还有另一种直观的方法，即分别用分类后每一类（这里是1、2、3）作为一个 mask，分别抽出被该类覆盖的栅格，然后计算值的统计平均。

mask1 <- dem_new == 1
dem1 <- mask(dem, mask1, maskvalue = 0)
ndvi1 <- mask(ndvi, mask1, maskvalue = 0)
cellStats(dem1, mean)
# [1] 378.3453
cellStats(ndvi1, mean)
# [1] -0.2880267

mask2 <- dem_new == 2
dem2 <- mask(dem, mask2, maskvalue = 0)
ndvi2 <- mask(ndvi, mask2, maskvalue = 0)
cellStats(dem2, mean)
# [1] 661.4479
cellStats(ndvi2, mean)
# [1] -0.1181845

mask3 <- dem_new == 3
dem3 <- mask(dem, mask3, maskvalue = 0)
ndvi3 <- mask(ndvi, mask3, maskvalue = 0)
cellStats(dem3, mean)
# [1] 930.7097
cellStats(ndvi3, mean)
# [1] -0.3469297

par(mfrow = c(2,3))
plot(dem1, main = "Low altitude, dem")
plot(dem2, main = "Middle altitude, dem")
plot(dem3, main = "High altitude, dem")
plot(ndvi1, main = "Low altitude, ndvi")
plot(ndvi2, main = "Middle altitude, ndvi")
plot(ndvi3, main = "High altitude, ndvi")

Q5

Apply a line detection filter to raster(system.file("external/rlogo.grd", package = "raster")) . Plot the result. Hint: Read ?raster::focal() .

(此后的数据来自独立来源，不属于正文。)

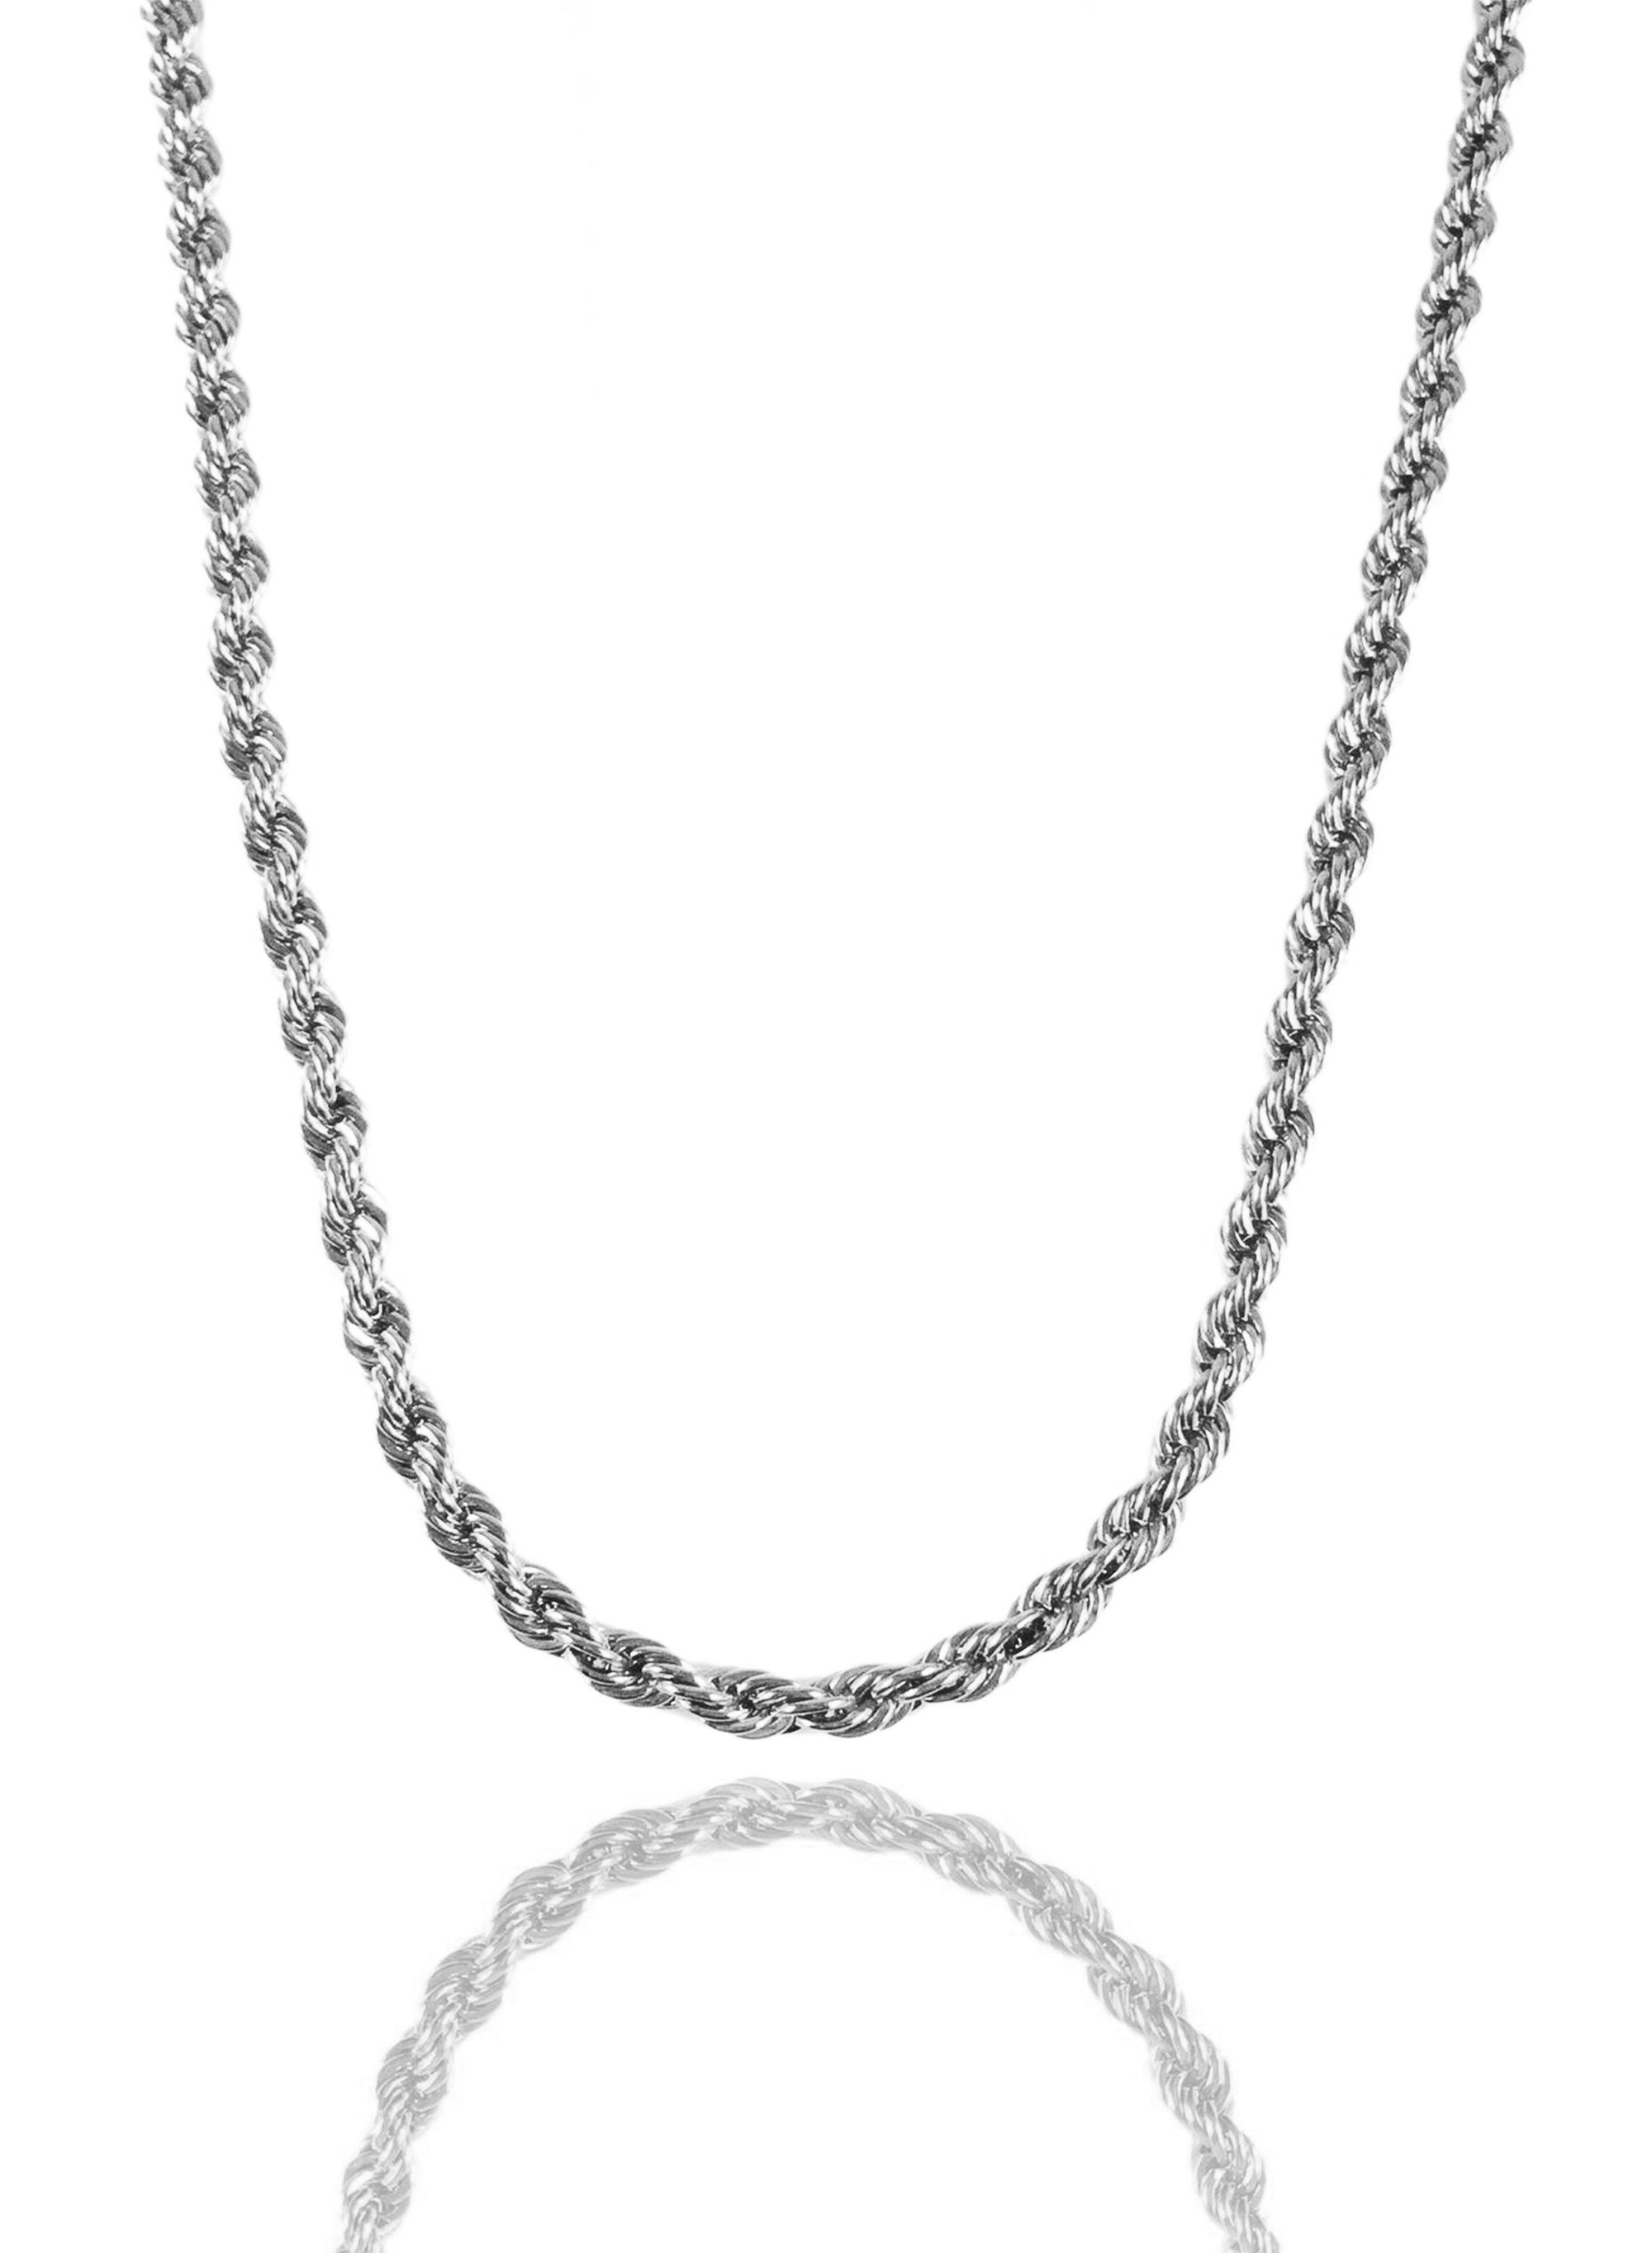 Necklace - The Rope Chain X Stainless

r1 <- raster(system.file("external/rlogo.grd", package = "raster"))
# for example: a horizontal line detection
filter <- matrix(c(-1, 2, -1, -1, 2, -1, -1, 2, -1), nrow =3)
filter
#      [,1] [,2] [,3]
# [1,]   -1   -1   -1
# [2,]    2    2    2
# [3,]   -1   -1   -1
rf1 <- focal(r1, w = filter, fun = max)
rf2 <- focal(r1, w = filter, fun = mean)
rf3 <- focal(r1, w = filter, fun = min)
par(mfrow=c(2,2), mar=c(3,3,3,3))
plot(r1, main = "rlogo")
plot(rf1, main = "focal, max")
plot(rf2, main = "focal, mean")
plot(rf3, main = "focal, min")

Q6

Calculate the NDVI of a Landsat image. Use the Landsat image provided by the spDataLarge package ( system.file("raster/landsat.tif", package="spDataLarge") ).

library(spDaralarge)
landsat_b1 <- raster(system.file("raster/landsat.tif", package="spDataLarge"), band = 1)
landsat_b2 <- raster(system.file("raster/landsat.tif", package="spDataLarge"), band = 2)
landsat_b3 <- raster(system.file("raster/landsat.tif", package="spDataLarge"), band = 3)
landsat_b4 <- raster(system.file("raster/landsat.tif", package="spDataLarge"), band = 4)
# 一般情况下，卫星图的前四个图层分别是Blue、Green、Red、Near Infrared (NIR)
# 所以NDVI的计算只需按照公式 NDVI=(NIR-Red)/(NIR+Red)
NDVI <- (landsat_b4 - landsat_b3)/(landsat_b4 + landsat_b3)
par(mfrow=c(2, 3), mar=c(3, 4, 3, 4))
plot(landsat_b1, main = "Blue")
plot(landsat_b2, main = "Green")
plot(landsat_b3, main = "Red")
plot(landsat_b4, main = "NIR")
plot(NDVI, main = "NDVI")

Q7

A StackOverflow post shows how to compute distances to the nearest coastline using raster::distance() . Retrieve a digital elevation model of Spain, and compute a raster which represents distances to the coast across the country (hint: use getData() ). Second, use a simple approach to weight the distance raster with elevation (other weighting approaches are possible, include flow direction and steepness); every 100 altitudinal meters should increase the distance to the coast by 10 km. Finally, compute the difference between the raster using the Euclidean distance and the raster weighted by elevation. Note: it may be wise to increase the cell size of the input raster to reduce compute time during this operation.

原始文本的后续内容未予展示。